3 Holistic seismic risk assessment of Medellín

A comprehensive risk management strategy has to be based on a multidisciplinary approach that takes into account not only the physical damage and the direct impact but also a set of socioeconomic factors that favour the second-order effects and consider the intangible impact in case an earthquake event strikes the city (Cardona and Hurtado 2000; Benson 2003; Cannon 2003; Cutter et al. 2003; Davis 2003; Carreño et al. 2007, 2014; Barbat et al. 2010; Khazai et al. 2014). This can be achieved by using a holistic seismic risk assessment where physical damages are aggravated by a set of socioeconomic conditions allowing comprehensive risk evaluations that are useful for decision-making processes. This approach also allows quantifying the resilience of the analysed communities, that is, their capacity to cope with the negative effects after the occurrence of an earthquake.
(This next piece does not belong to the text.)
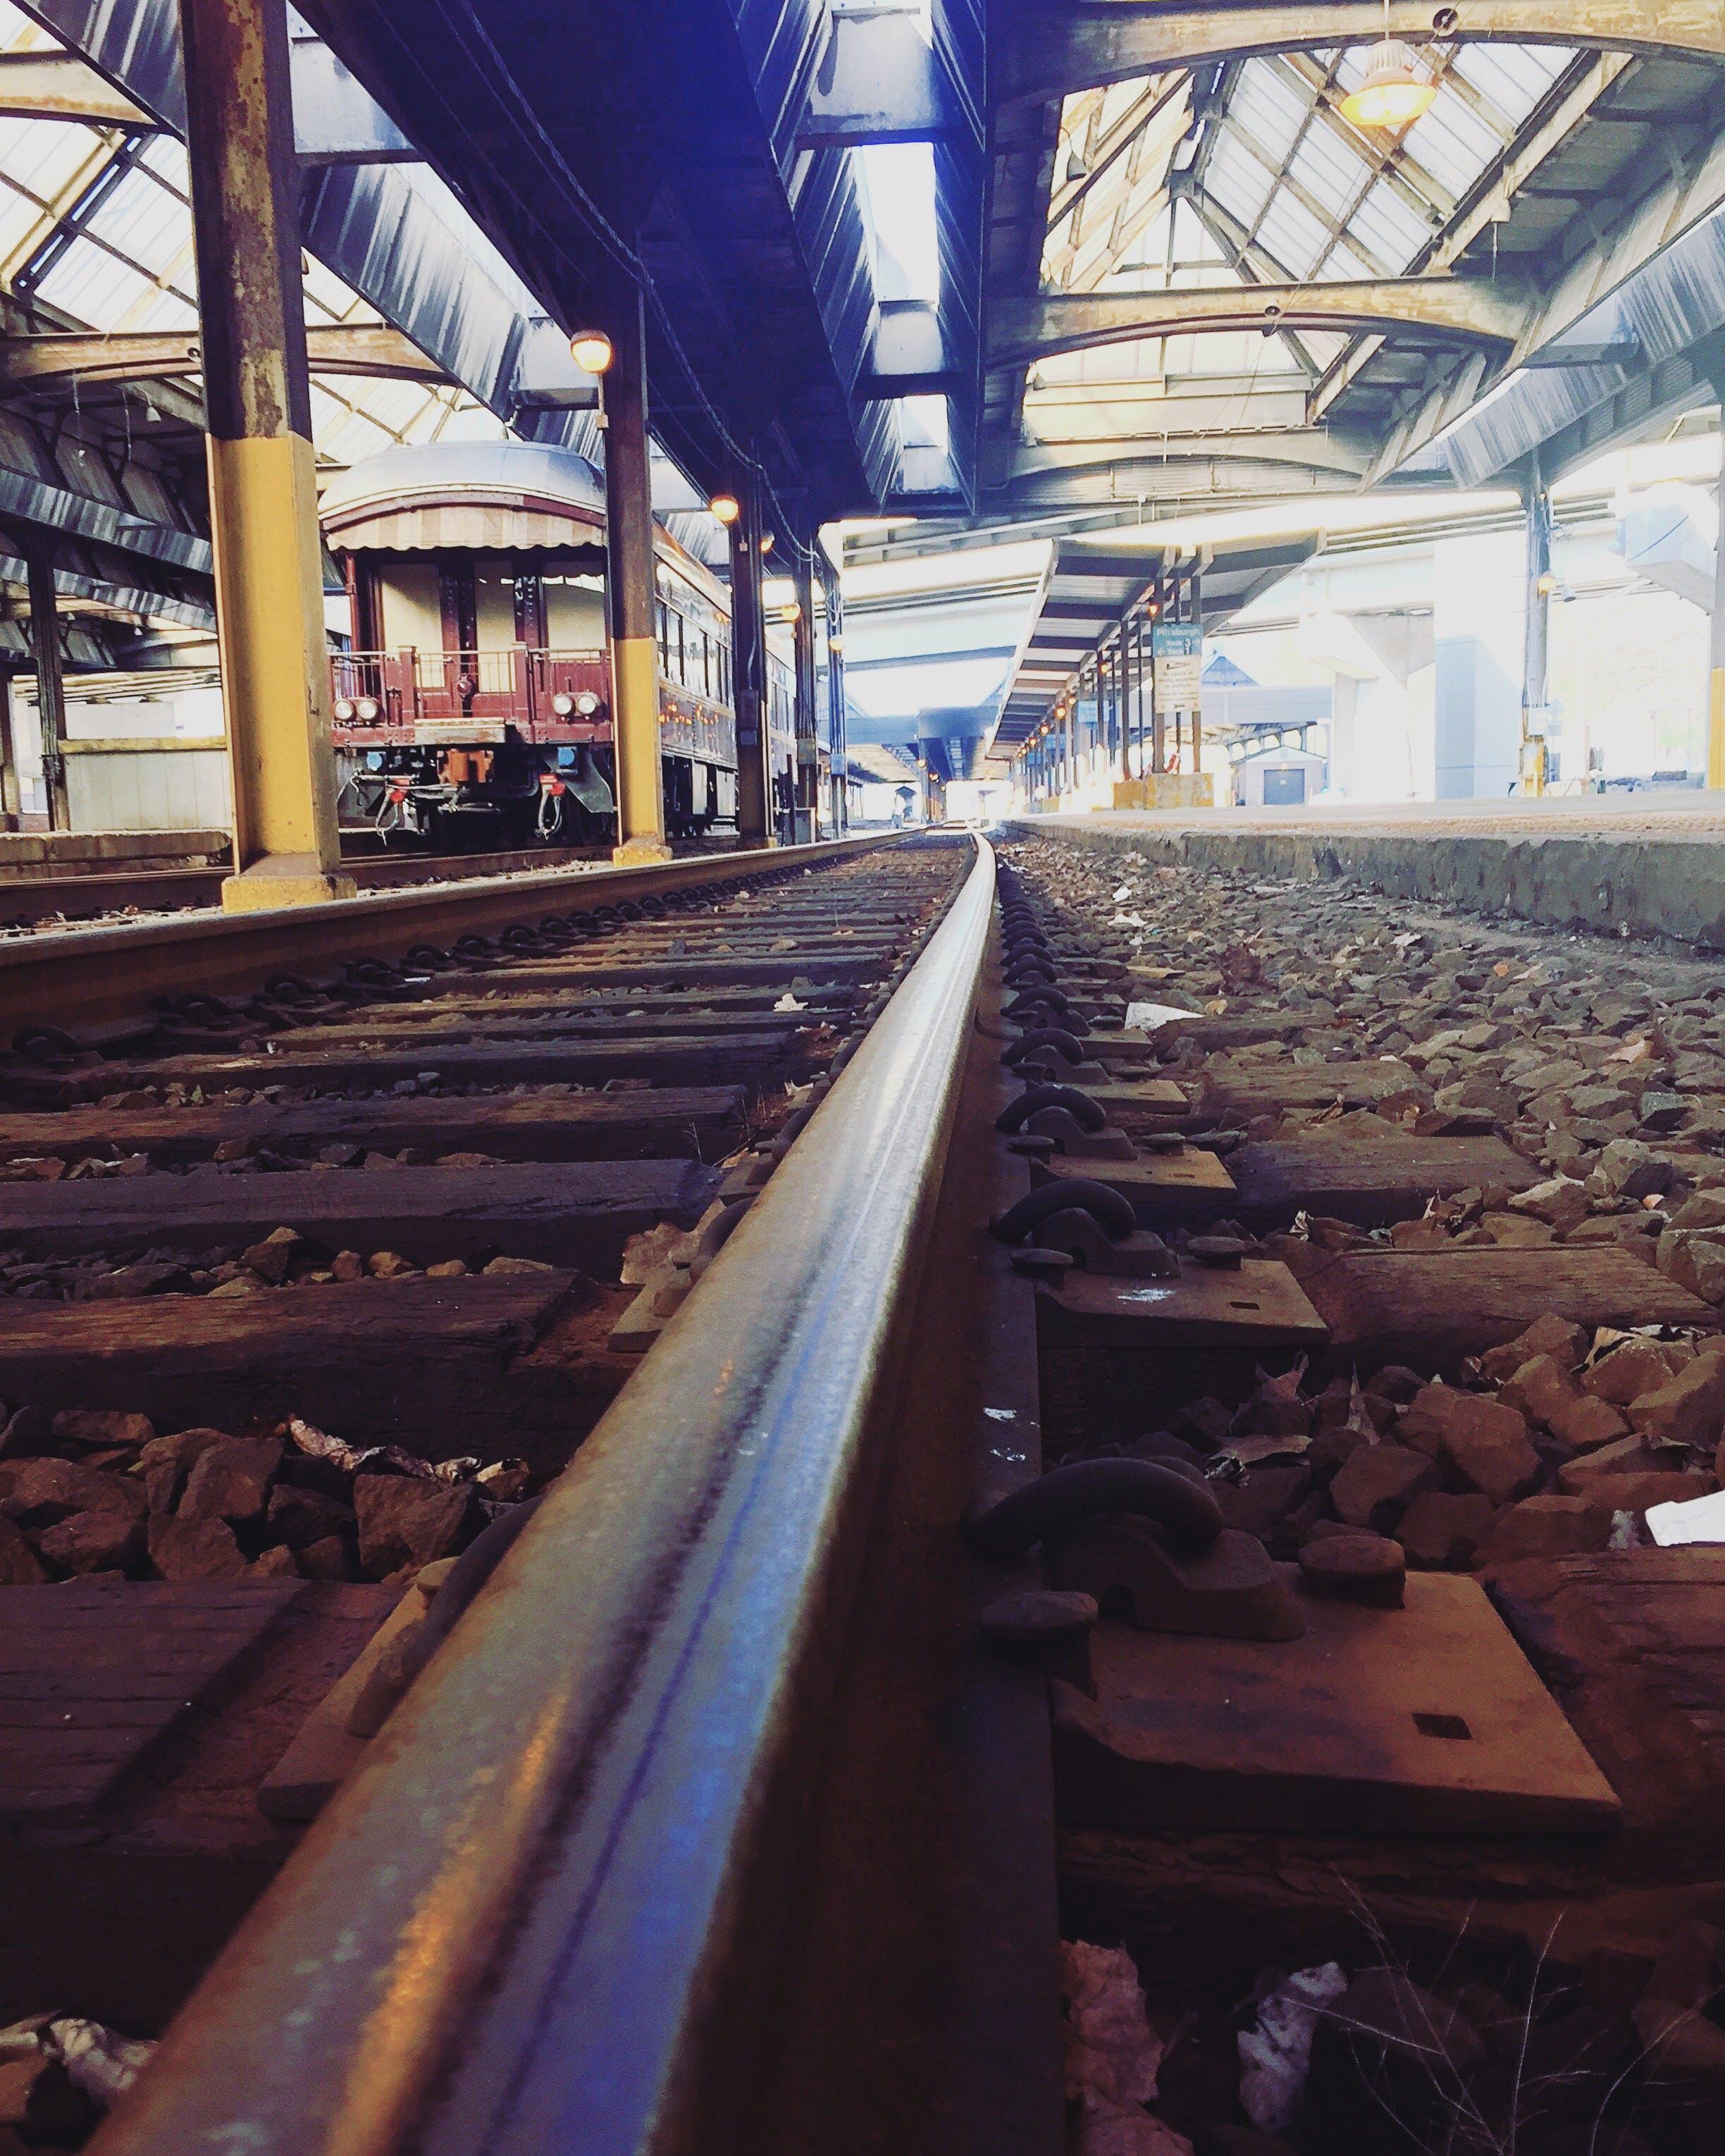 Trail Rail Near Cement Way during Daytime
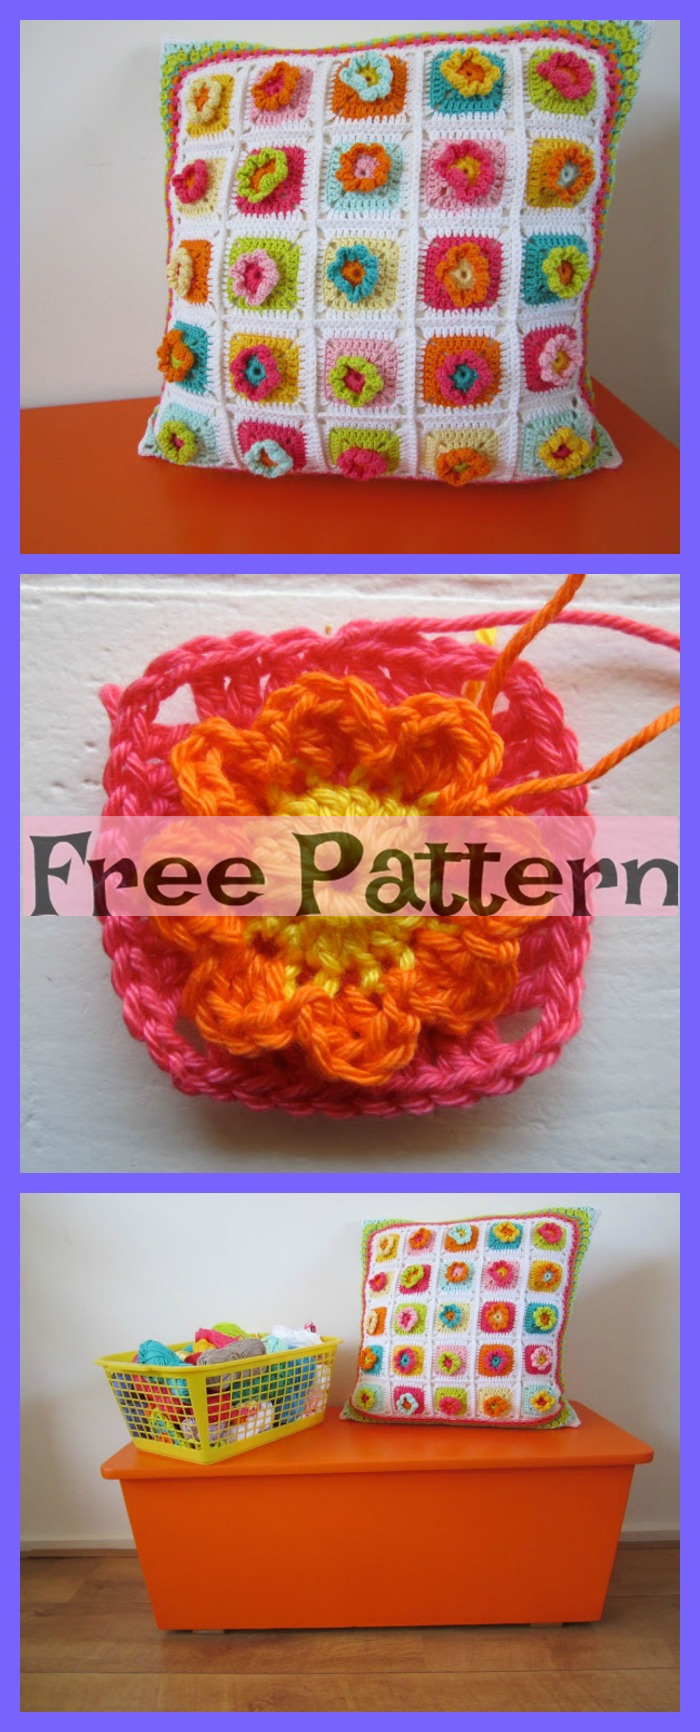 Crochet Rainbow Pillows - Free Patterns

Detailed information about this methodology can be found in Carreño (2006), Carreño et al. (2007) and Barbat et al. (2011).

The methodology used in this study does not require the use of the exact same factors in each case study, not even in terms of the number of descriptors used, as long as the characteristics to be captured are well reflected by the ones that are chosen. The explanation is that, depending on prevalent conditions of the area under analysis, some factors can be more relevant than others. For this study, physical damage is obtained from the results of the probabilistic approach, already shown in Sect. 2, which is considered to have a higher robustness if compared with previous holistic seismic risk evaluations performed before because of the available information and its quality (Carreño et al. 2007; Marulanda et al. 2013).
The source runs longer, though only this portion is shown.